Keith Owens wrote:
> On Wed, 12 Sep 2001 23:25:19 -0700,
> "Matt D. Robinson" <yakker@xxxxxxxxxxxxxx> wrote:
> >bsuparna@xxxxxxxxxx wrote:
> >> 1. If we spin the other cpu's with interrupts disabled, then we need to
> >> make sure that the NMI watchdog timer doesn't report lockups (given that
> >
> >Can this be as simple as dump_in_progress, or something more complex?
>
> Andrew Morton has code in the -AC tree which is a generic fix for the
> problem of the NMI watchdog tripping on long events. kdb uses it in
> the -AC tree.
>
> if (*f == NULL) {
> /* Reset NMI watchdog once per poll loop */
> touch_nmi_watchdog();
> f = &poll_funcs[0];
> }
>
> There is no equivalent in Linus's tree, you have to hack the NMI
> handler yourself :(. Time to push Andrew Morton and AC to get the NMI
> changes into Linus's tree.
Thanks, Keith ...
This looks like a reasonable patch to use, although shouldn't
touch_nmi_watchdog() reset both the last_irq_sums[] and the
alert_counter[] for all CPUs? Otherwise, won't you be
dropping back into this loop function over and over and
over again? Then again, you probably re-enter it anyway.

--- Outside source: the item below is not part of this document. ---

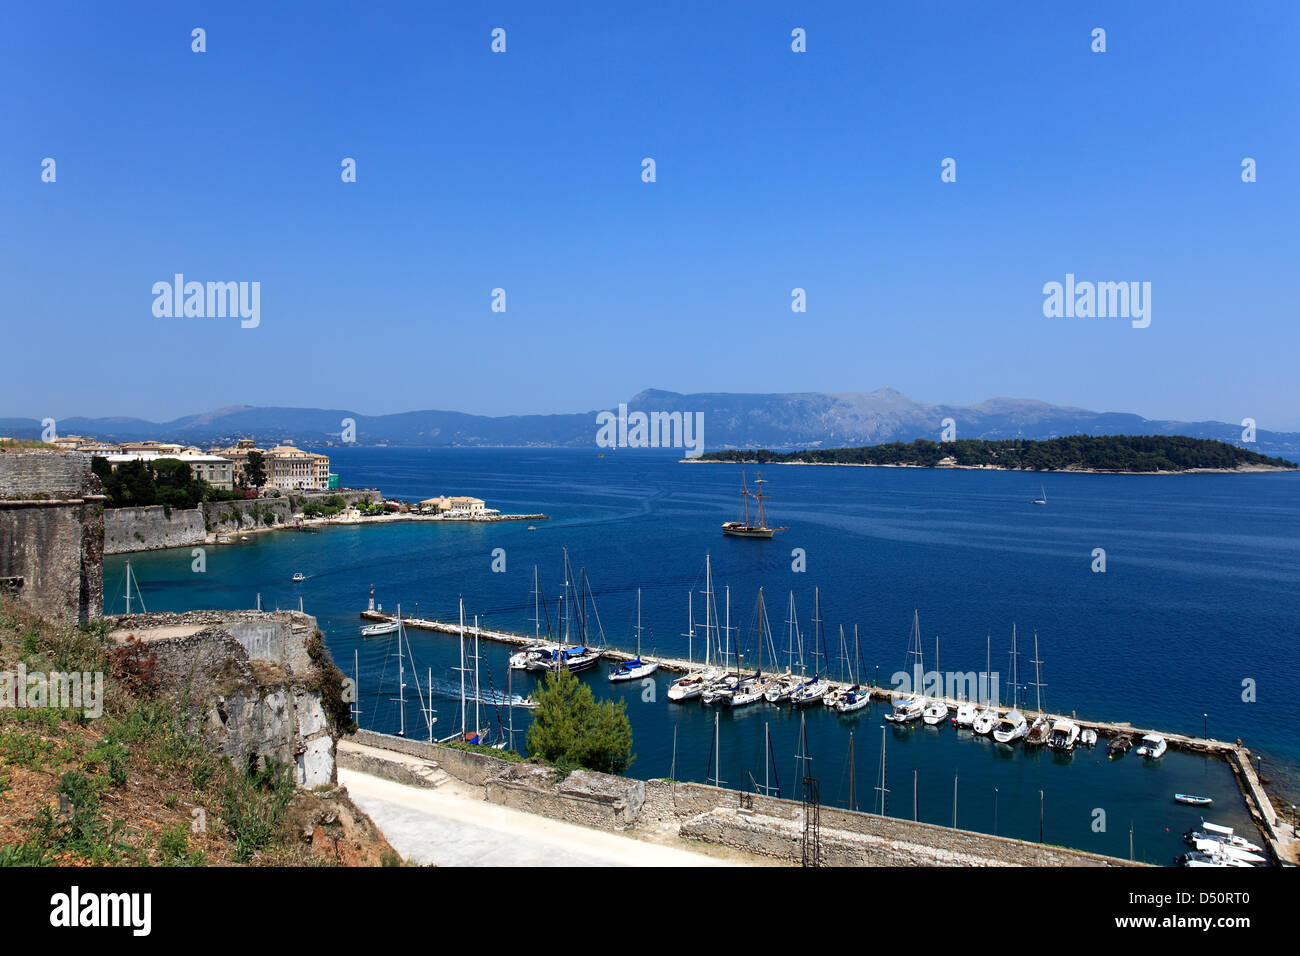 Sailing Boats in the Naval Sports Club marina, (Mandraki), Corfu Town, Corfu Island, Greece, Europe - Stock Image
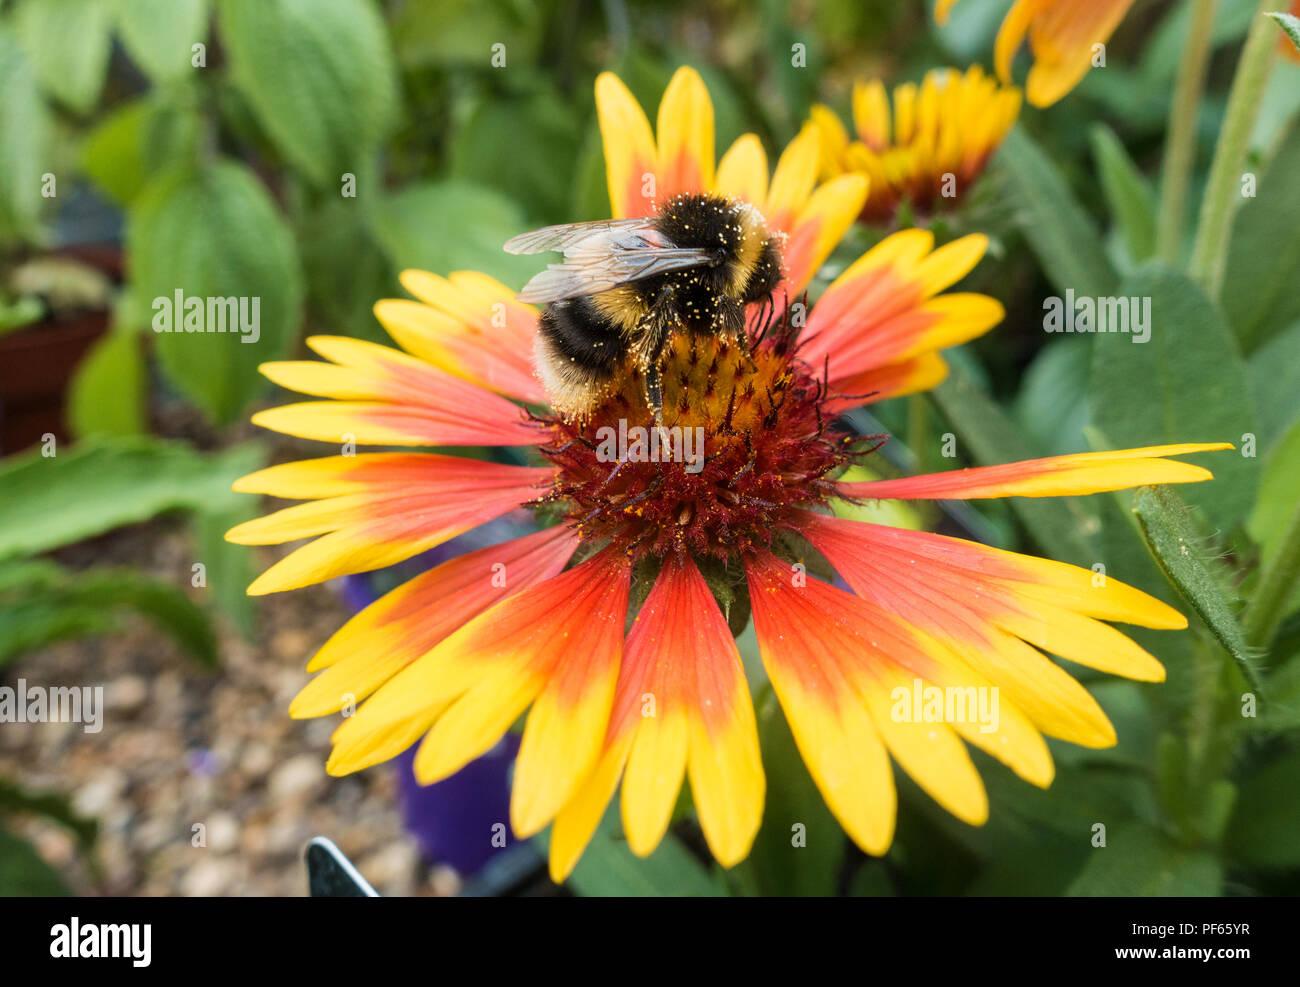 a-bumblebee-on-a-gaillardia-flower-PF65YR.jpg

Looks like touch_nmi_watchdog() is needed in combination with
dump_in_progress. In case you don't have the tree handy,
Suparna (I didn't), touch_nmi_watchdog() does:
void touch_nmi_watchdog (void)
{
int i;
/*
* Just reset the alert counters, (other CPUs might be
* spinning on locks we hold):
*/
for (i = 0; i < smp_num_cpus; i++)
alert_counter[i] = 0;
}
alert_counter is moved out of nmi_watchdog_tick() along with
last_irq_sums (global in AC's patch) so you can modify them
outside of nmi_watchdog_tick().
--Matt
|